Overlapping Speech Transcription Could Help Contend with ATE Complexity

By Keith Schaub, Vice President of Business Development for US Applied Research & Technology, Advantest America Inc.

Introduction

Increasingly complex chipsets are driving corresponding increases in semiconductor test system hardware and software. Artificial intelligence offers innovative, ingenious opportunities to mitigate the challenges that test engineers and test-system operators face and to improve security and traceability. Advantest, which fields thousands of test systems worldwide that test billions of devices per year, is studying several ways in which AI can help.

Initial work has involved facial recognition and overlapping speech transcription (the latter being the focus of this article), both of which can reduce the need for a mouse and keyboard interface.

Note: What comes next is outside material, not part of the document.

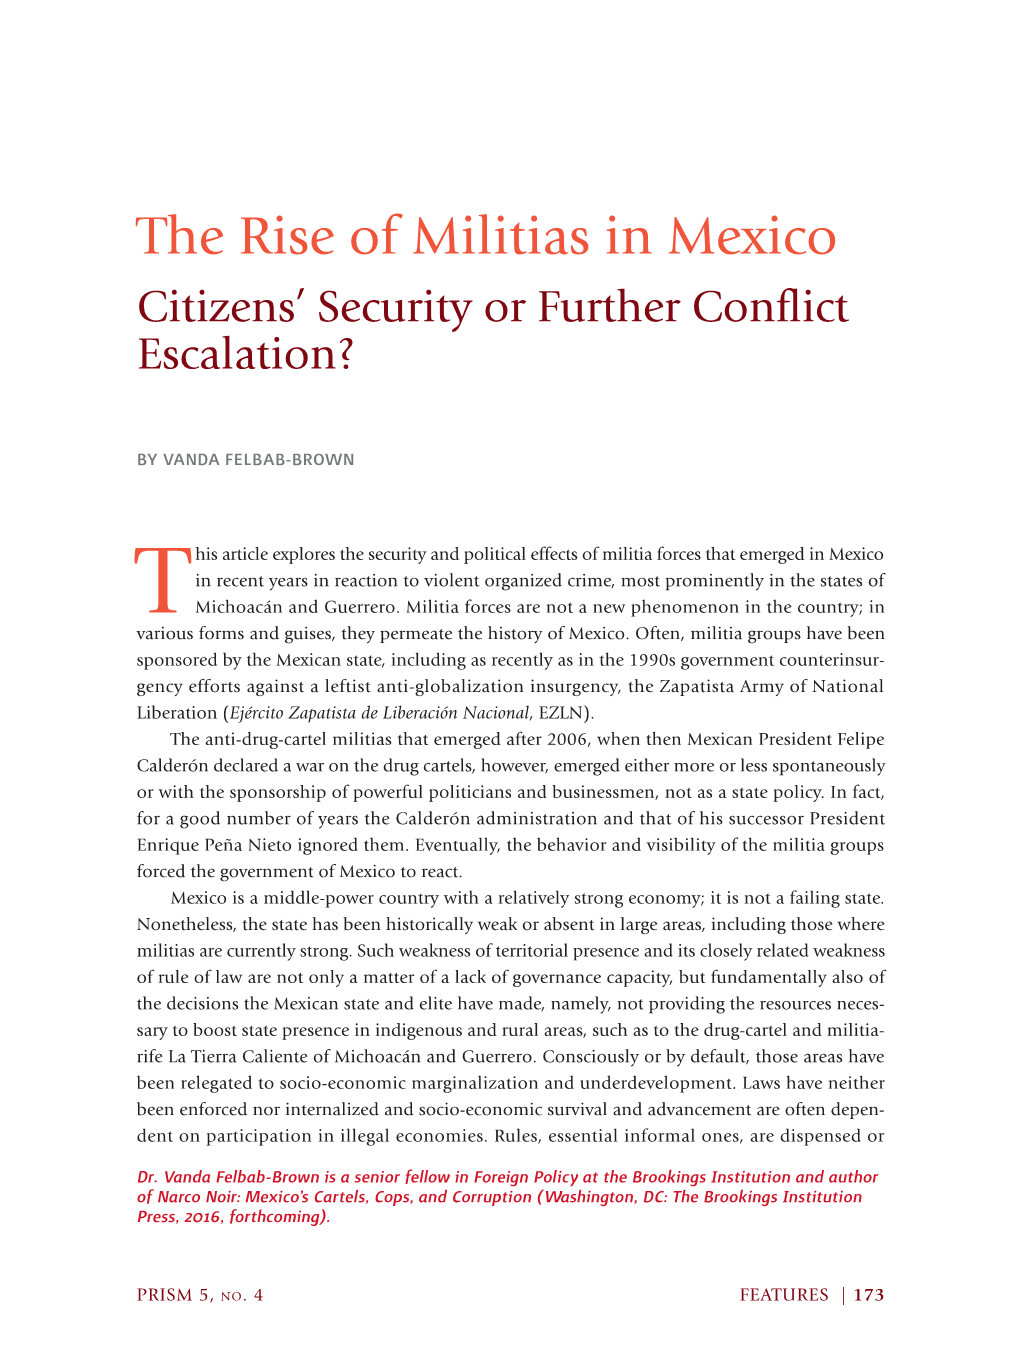 The Rise of Militias in Mexico Citizens’ Security Or Further Conflict Escalation?

With a mouse and keyboard, operators can leave themselves logged in when other operators take over, creating security vulnerabilities and making it difficult, for example, to trace which operator was on duty during a subsequently detected yield-limiting event. A voice-recognition system could facilitate identifying which operators gave which commands.

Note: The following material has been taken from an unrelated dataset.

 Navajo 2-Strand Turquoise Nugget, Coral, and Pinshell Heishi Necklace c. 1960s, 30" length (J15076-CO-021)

Industrial cocktail-party problem

Implementing a voice-recognition system in a test lab or production floor presents its own challenges, with air-cooled systems’ fans whirring and multiple teams of engineers and operators conversing—creating an industrial version of the cocktail-party problem.

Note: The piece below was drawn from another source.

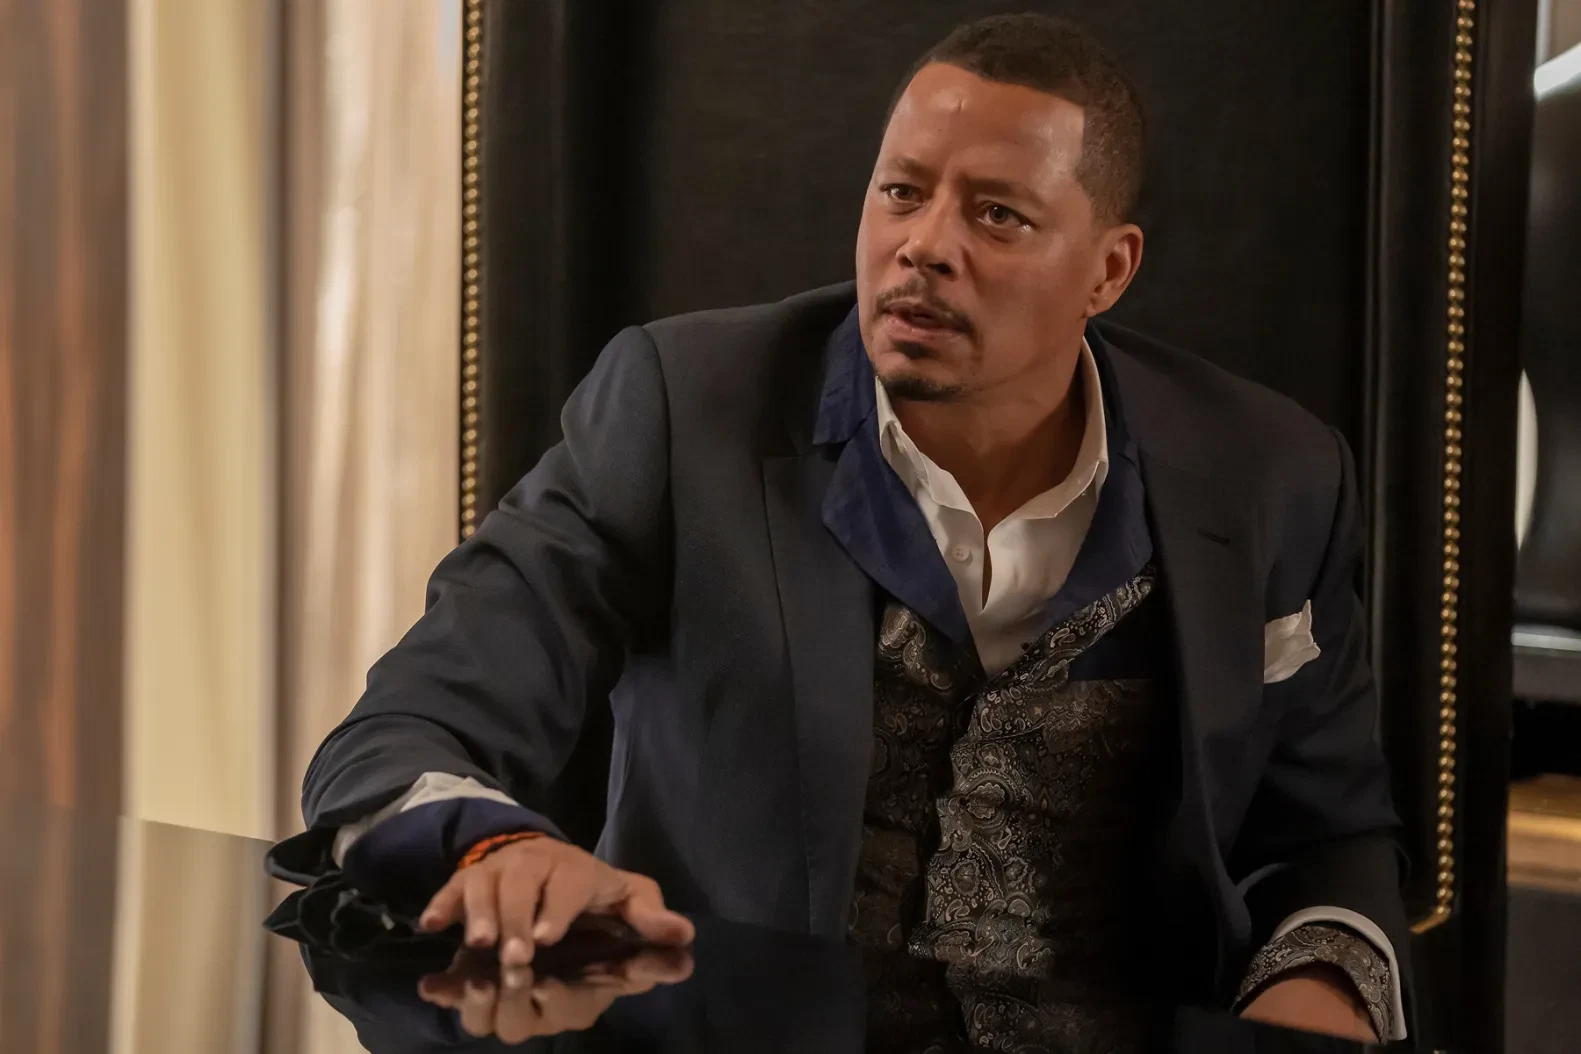 Terrence Howard as Lucious Lyon in the TV show Empire

To address this problem, Advantest has developed fast, multi-speaker transcription system that accurately transcribes speech and labels the speakers.

The three main steps in the transcription process include speaker separation, speaker labeling, and transcription. For the first step, a real-time GPU-based TensorFlow implementation of the deep-clustering model recently developed by Mitsubishi1 separates the mixed-source audio into discrete individual-speaker audio streams. A matrix of audio-frequency domain vectors obtained by the short-time Fourier Transform (STFT) serves as the input to this model. The model learns feature transformations called embeddings using an unsupervised, auto-associative, deep network structure followed by a traditional k-means clustering method (recent implementations have shown significant improvements over traditional spectral methods) that output the clusters used to generate single-speaker audio.

The second step involves an implementation of Fisher Linear Semi-Discriminant Analysis (FLD)2 for an accurate diarization process to label the speakers for each audio stream that the clustering model generated in the separation step. The third and final step makes use of the Google Cloud speech-to-text API to transcribe the audio streams, assigning a speaker based on the diarization step.

Figure 1: This system-flow diagram illustrates the steps in the overlapping speech-transcription process, from the audio input to the labeling of the speakers.

Figure 1 illustrates the system flow of the entire process. During the first step, the clustering separates the audio. The spectrogram of the mixed and separated audio (Figure 2) makes it easy to visualize the separation taking place.

Figure 2: A view of the spectrogram of the mixed and separated audio helps illustrate how the separation takes place.

Testing the model

We tested the model on the TED-LIUM Corpus Release 3,3 which is a collection of TED Talk audio and time-aligned transcriptions. To measure the system accuracy, we compared our system-generated transcriptions to the ground-truth transcriptions using Word Error Rate (WER), denoted by the proportion of word substitutions, insertions, and deletions incurred by the system. Our system demonstrated a WER of 26% versus a ground-truth WER of approximately 14%. Overall, the generated transcripts were largely intelligible, as shown by the following example:

  • Actual Audio

“Most recent work, what I and my colleagues did, was put 32 people who were madly in love into a function MRI brain scanner, 17 who were. . .”

  • System Transcription

“Most recent work but I am my colleagues did was put 32 people who are madly in love into a functional MRI brain scanner 17 Hoover.

As shown, the results are largely readable, even with the current word error rate.

Often, the audio output from the Separation Step contains many artifacts, which lead to outputs readily understood by humans but that are more difficult for current speech-to-text converters. Thus, we get an output like this:

  • Actual Audio

“Brain just like with you and me. But, anyway, not only does this person take on special meaning, you focus your attention on them…”

  • System Transcription

“Brain, it’s like with your and name. But anyway, I don’t leave something special meeting. I’m still get your attention from you a Grande, AZ them…”

Thus, when the clustering algorithm becomes unstable, the transcription is also erroneous. However, many of these errors can likely be fixed in future work.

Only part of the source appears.